- **Supplied information**:
========================
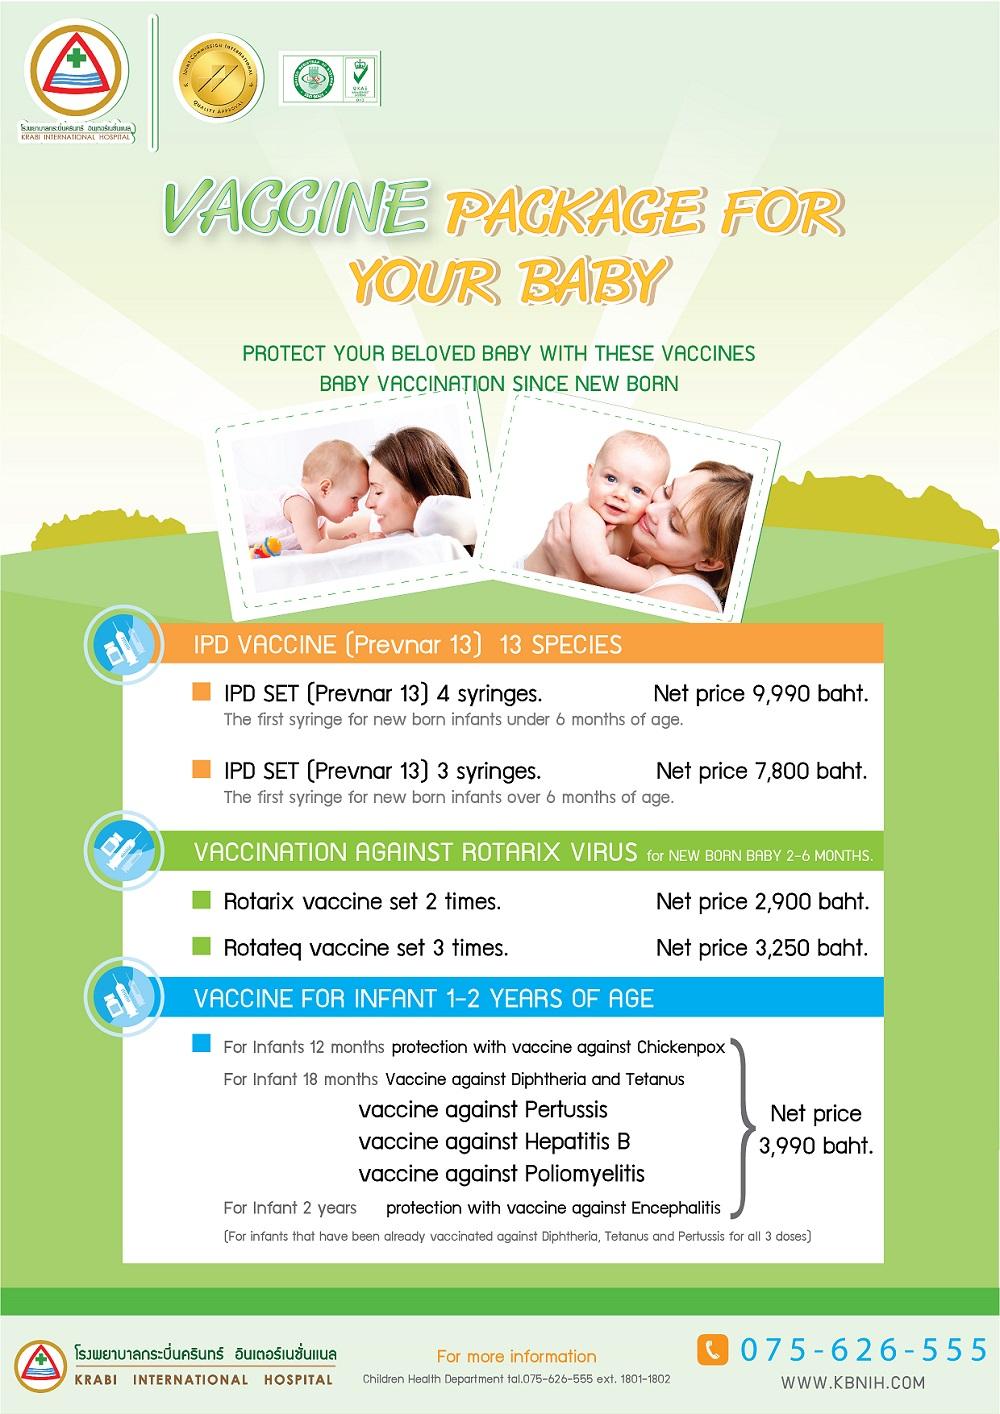 แพ็กเกจวัคซีนสำหรับลูกรัก
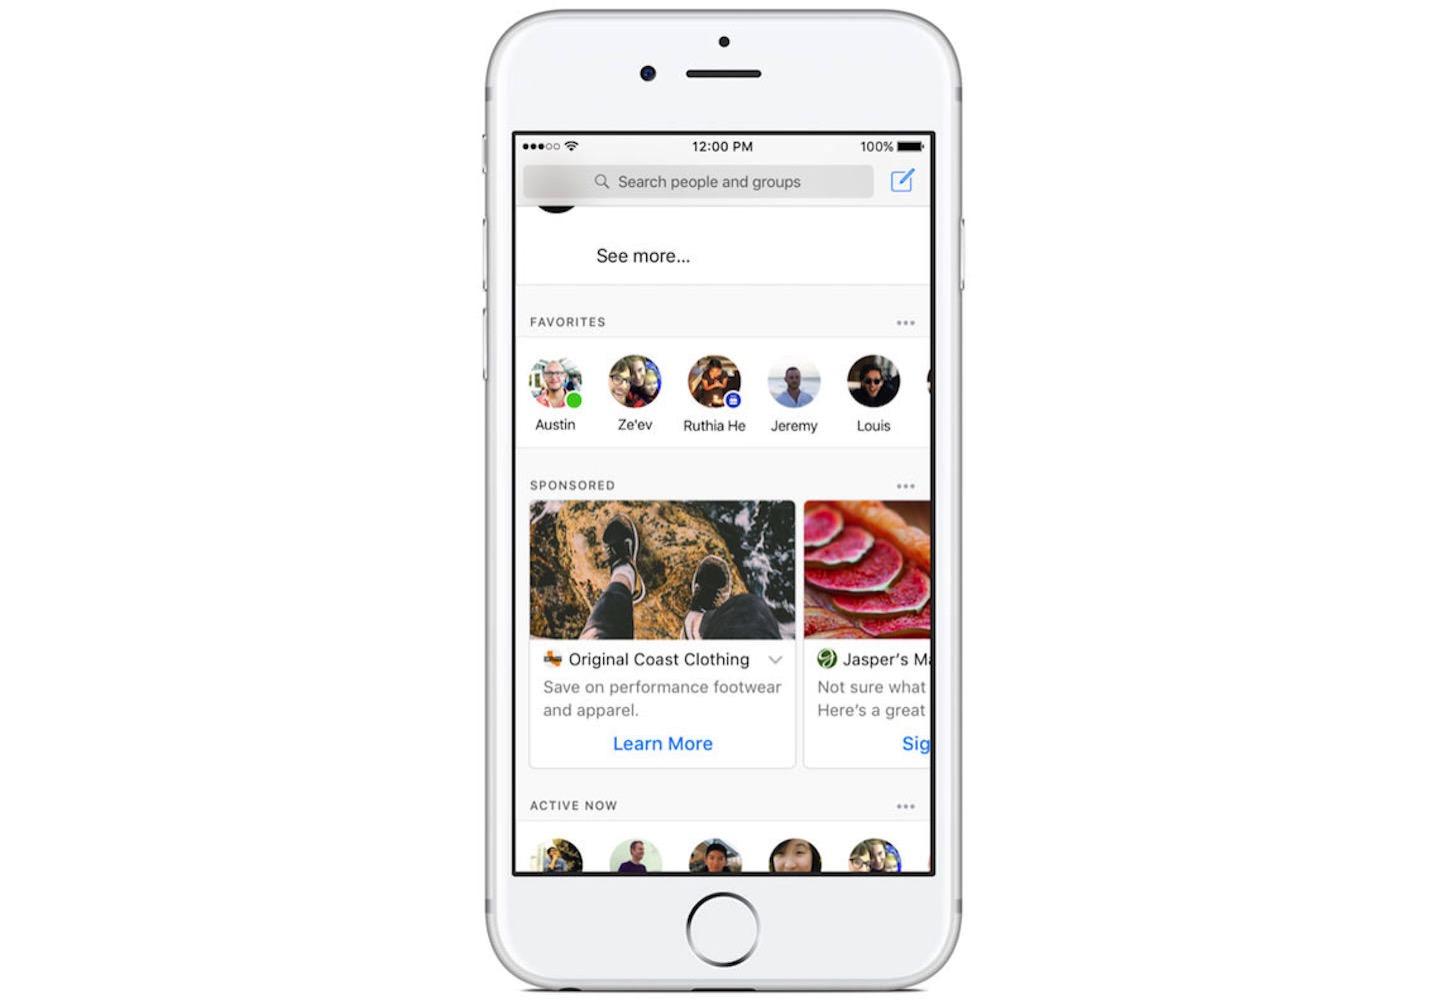 Ads in Facebook Messenger
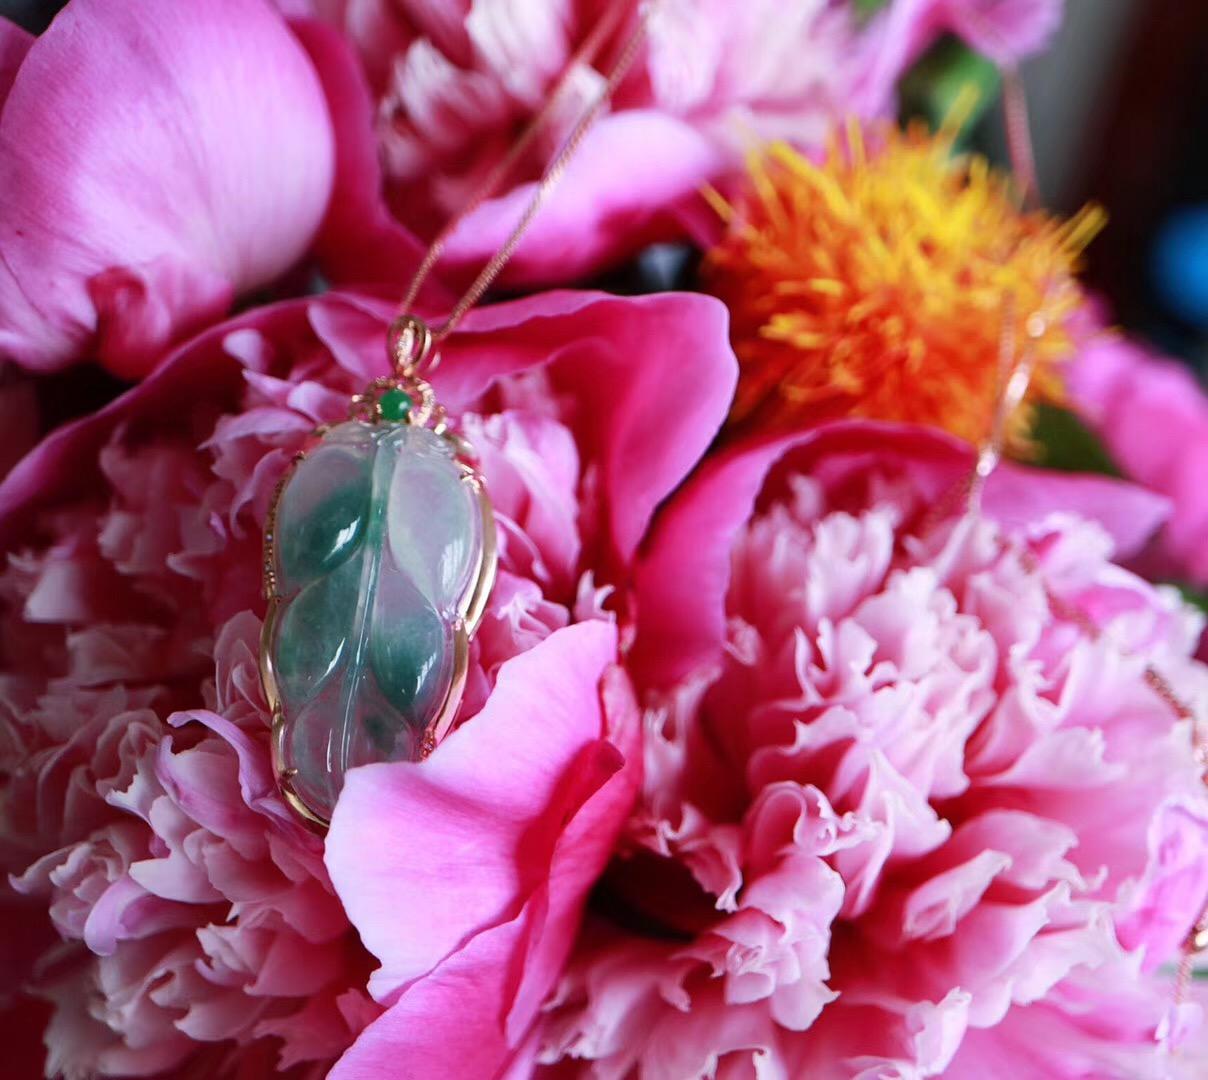 【菩心|翡翠】挑选可以代表初夏颜色的翡翠也是一件趣事-菩心晶舍
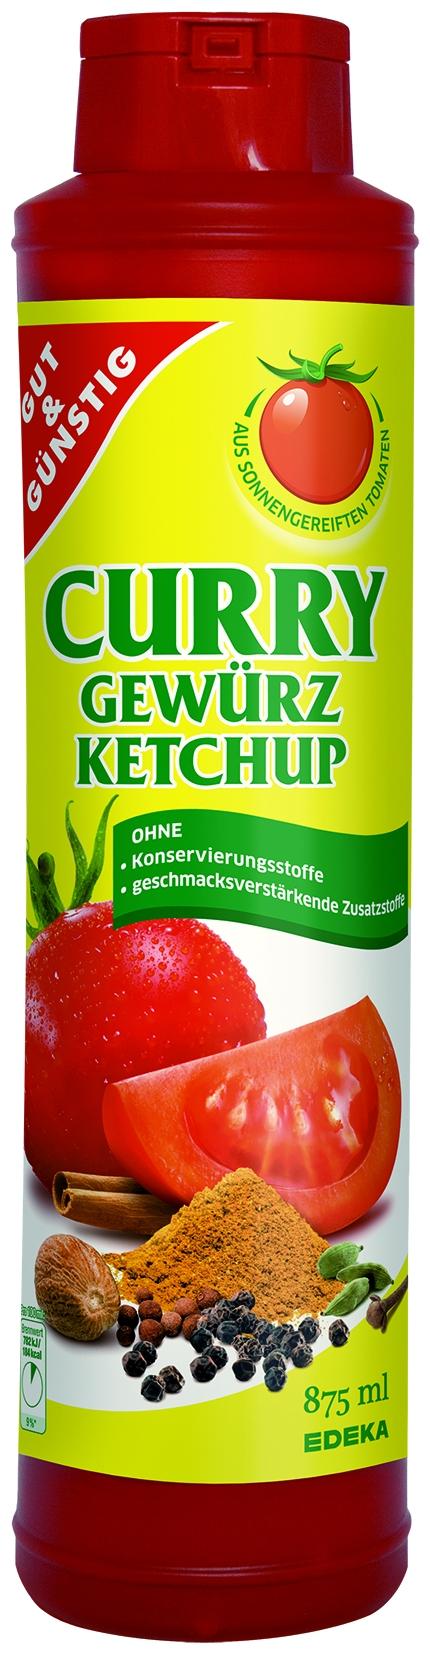 Curry Gewürz Ketchup
========================
- **Task directions**:
One exact copy of the data, no pictures: write it out line for line.

- **Result**:
 แพ็กเกจวัคซีนสำหรับลูกรัก
 Ads in Facebook Messenger
 【菩心|翡翠】挑选可以代表初夏颜色的翡翠也是一件趣事-菩心晶舍
 Curry Gewürz Ketchup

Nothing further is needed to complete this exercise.